Image of Gehlen Class of 1960 reunion for Project Talent

Project Talent is an AIR-designed national longitudinal study that first surveyed America’s high school students in 1960. Project Talent is the largest and most comprehensive study of high school students ever conducted in the United States and is now the largest and longest longitudinal life course study. More than 400,000 students from 1,353 private, parochial, and public schools from every corner of the country and all economic, cultural, and social backgrounds participated in a two-day battery of tests and questionnaires. The study followed the students, collecting new data at 1, 5, and 11 years after their high school graduation to better understand what experiences and influences helped prepare them for careers and life after high school. Additional studies focusing on racial disparities, economic mobility, and twins continued until the original participants were in their 40s. 

project talent logoAs study participants move into retirement, Project Talent has become a resource for understanding the aging process, allowing participants to continue involvement in this remarkable and historic study. The National Institute on Aging, for example, has funded several studies, including the Project Talent Aging Study, a major life course study that is providing information about age-related brain and cognitive changes by following 22,500 of the original Project Talent participants. Understanding early life factors that contribute to the retention or deterioration of brain and cognitive functioning in older age can help policymakers determine targets for health promotion interventions. Project Talent, with its unique size, demographic diversity, and comprehensive data from 1960 and beyond, offers an unprecedented opportunity to understand the factors that influence the aging process. Current research focuses on three areas:

  • Alzheimer’s Disease and Related Dementias (ADRD) – Our primary focus on dementia has the broad goal of identifying adolescent antecedents, resilience factors, and life-course mechanisms for Alzheimer’s Disease and related dementias and later life health and cognition.  
  • Health Disparities - Our second focus includes research on population-level differences in health status and life expectancy. Socioeconomic adversity in early life is a risk factor for poor brain health in later life, but some individuals are resilient, achieving better-than-expected outcomes despite facing early life adversity. The mechanisms of resilience, as well as the causal pathways between early life adversity and later life brain health, are unclear, but educational experiences are very likely critical. Our research will evaluate the role of school quality and racial disparities in promoting resilience to early life adversity.
  • Mortality and Morbidity - Our third focus includes research about the role individual traits play in socioeconomic mortality and morbidity differentials across the life course.
AIR’s PROJECT TALENT WORK
  • Project Talent (PTBY, PT1, PT5 and PT11): The nationally representative longitudinal study data file includes 377,016 records of students who were in high school in 1960; includes substantial minority representation and measures aptitudes and abilities, cognition, personality, interests, expectations, aspirations, individual and family background, and socioeconomic status. The sample includes 4,481 twins and triplets from 2,233 families, and 84,000 siblings from 40,000 other families.

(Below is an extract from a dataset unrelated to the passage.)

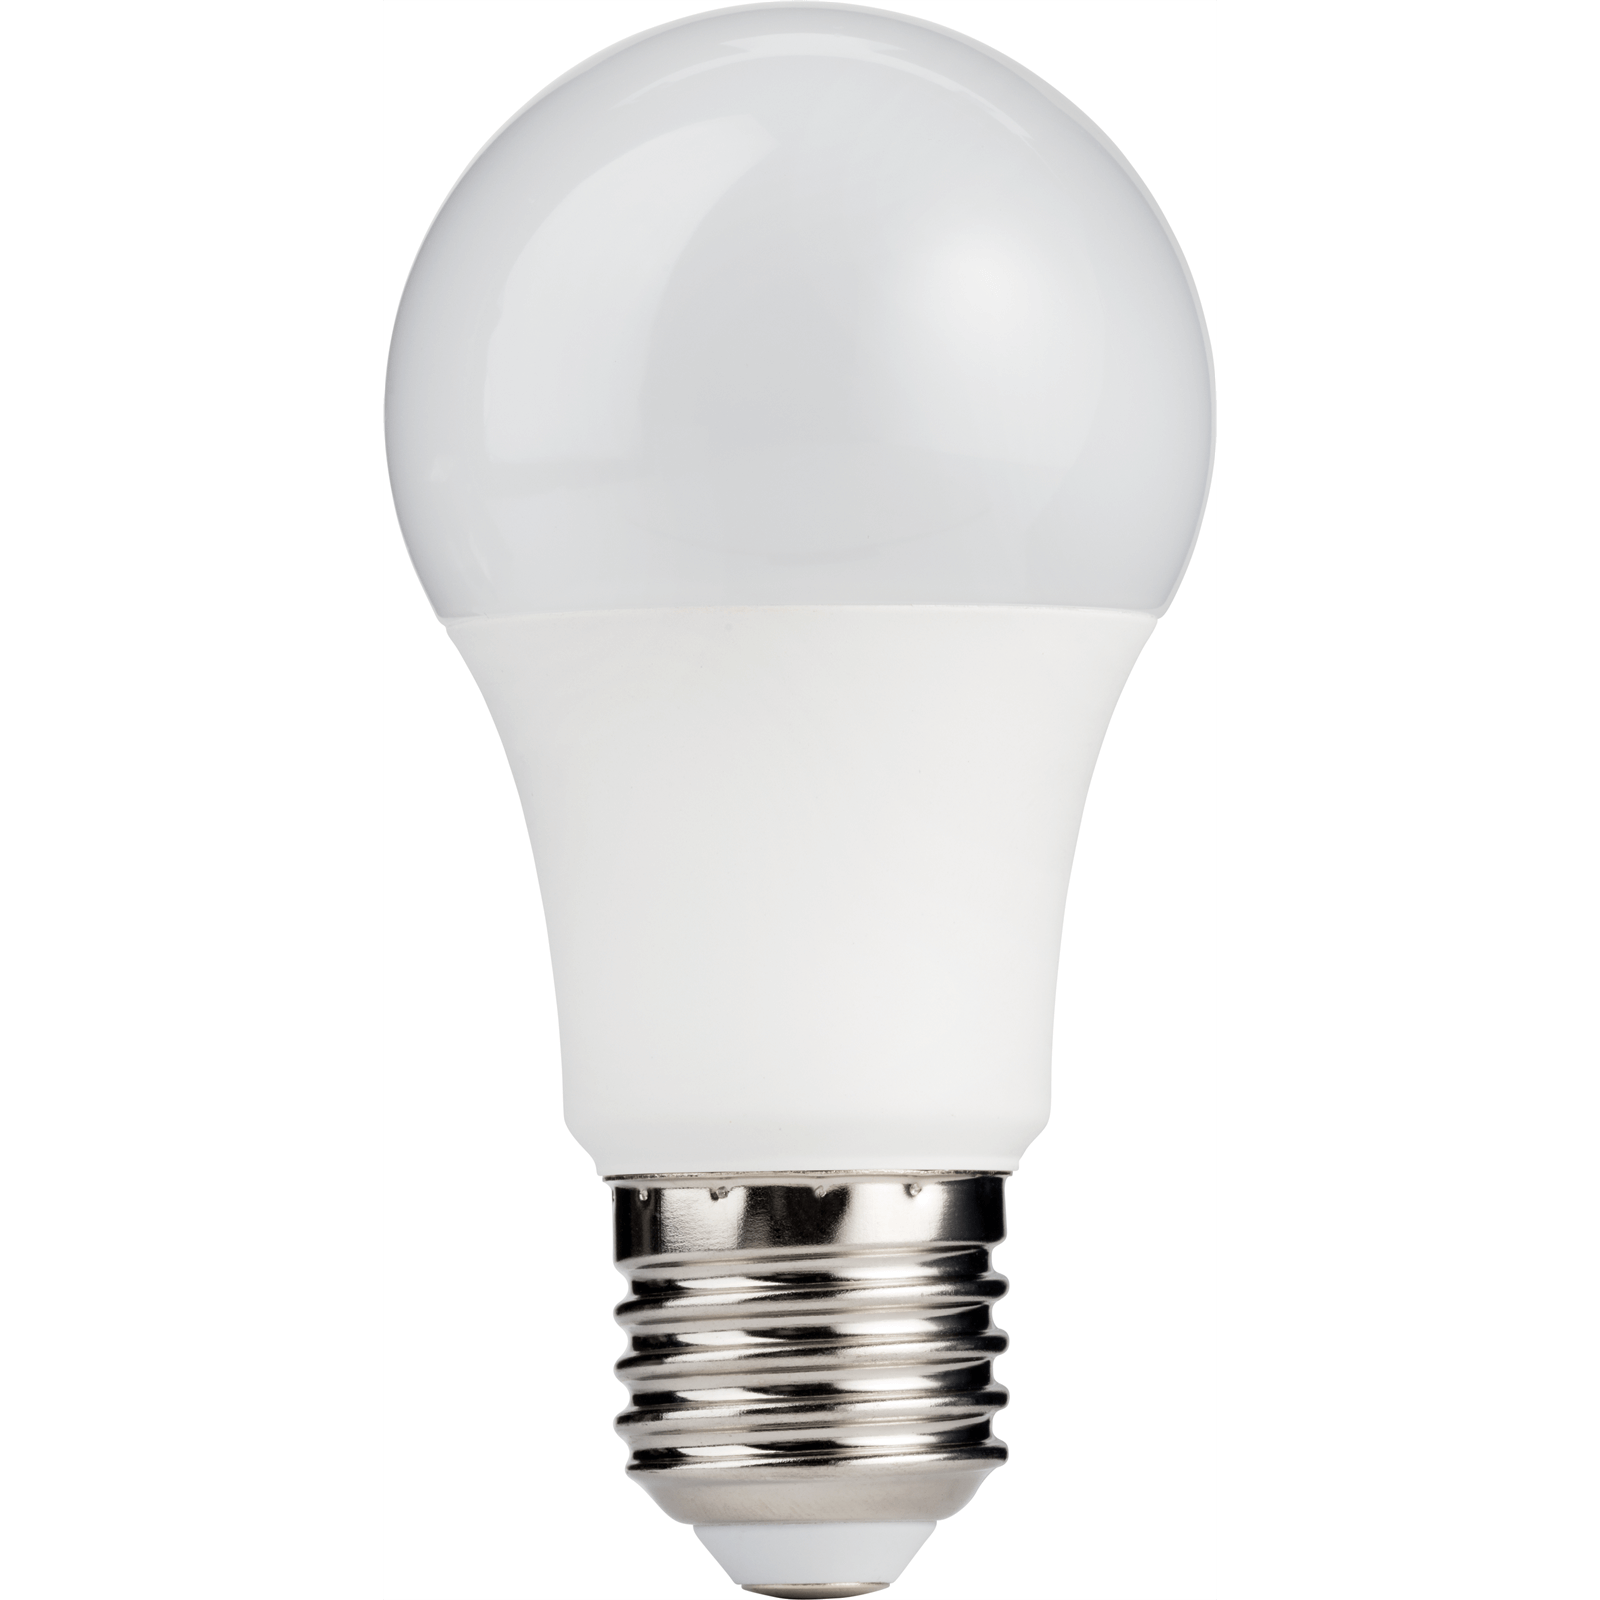 TCP LED Classic 100W ES Warm Light Bulb - 2 pack

Information was also collected from principals and guidance staff, including information about the school, guidance programs, and community characteristics. Follow-up surveys were conducted until the students were approximately age 30.
  • The Project Talent Aging Study (PTAS18) includes a core survey and cognitive assessment that includes information on a range of factors related to well-being among older adults, including psychosocial and lifestyle factors, health, cognitive status, family background and connections, employment, and socioeconomic status.
  • The Project Talent Biobank (PTBio) can help researchers better understand how family and school environment, education, and other factors contribute to later life health and wellness. The Biobank includes the collection of biological specimens (saliva) from approximately 1,500 randomly selected Project Talent participants. Biomarkers may help predict health outcomes, including dementia.
  • Project Talent Pilot Study (PTPS12): Pilot study to assess the feasibility of revitalizing Project Talent after 30 years of non-contact. The study included 4,159 cases representative of the 1960 base year sample. Surveys were mailed to individuals and included consent forms for linking to Social Security Administration earnings and benefits data. The study included three experiments to test the effectiveness of pre-paid incentives, a test of logos on the envelope, and a test of incentives.
  • Project Talent Twin and Sibling Study (PTTS16): This study includes 4,481 multiples and their 522 non-twin siblings from 2,233 families. This study is both genetically informative and unique in facilitating separation of the “common” environment into three sources of variation: shared by all siblings within a family, specific to twin pairs, and associated with school/community-level factors. Data file released November 2018.
  • The Project Talent Personality Inventory is a reliable and validated set of personality scales measured in 1960 and useful for researchers interested in life-course outcomes, such as mortality, occupational success, relationship success, and health. The inventory’s 10 subscales are mapped to the Big Five personality traits—openness, conscientiousness, extraversion, agreeableness, and neuroticism.
  • The Project Talent Mortality Registry tracks mortality and cause of death of Project Talent participants with ongoing linkages to the National Death Index. This study includes linked PT60 data for 82,232 individuals. The purpose of the study is to examine the role individual traits play in socioeconomic mortality differentials across the lifespan. This study can leverage the large size and scope of Project Talent to identify health disparities among the aging population.
  • Administrative Linkages: Project Talent data are linked at the individual level to several sources of administrative data.
    • For information about health and health care utilization, Project Talent data are linked to Medicare records from the Centers for Medicare & Medicaid Services. Project Talent Medicare (PT-MED) includes linked PTBY data for 143,698 participants to 2012-2013 Medicare claims and expenditures data. The linked file offers the opportunity to study the relationship between adolescent characteristics and a range of public health outcomes in 2012-13 when the study participants were in their mid-60s. The Medicare claims and expenditure data included in PT-MED include the Master Beneficiary Summary File, Research Identifiable Files Medicare Claims Files, Assessment Files, and the Vital Status File.
    • The 2012 Project Talent Pilot Study was linked to administrative records of the Social Security Administration earnings and benefits histories for approximately 2,000 individuals
    • In the next few years, the parents of Project Talent participants will be linked to their 1940 Census data and PT60 will be linked to the 1950 Census data. 
  • Project Talent Contextual Databank: Project Talent data are linked geographically to a broad range of social and environmental data including preschools, high school and neighborhood characteristics, Census, and air and water quality indicators.
Project Talent website
Related Publications

Chapman, B.P., Huang, A., Peters, K., Horner, E., Manly, J., Bennett, D.A., & Lapham, S. (2019). Association Between High School Personality Phenotype and Dementia 54 Years Later in Results from a National US Sample. JAMA Psychiatry.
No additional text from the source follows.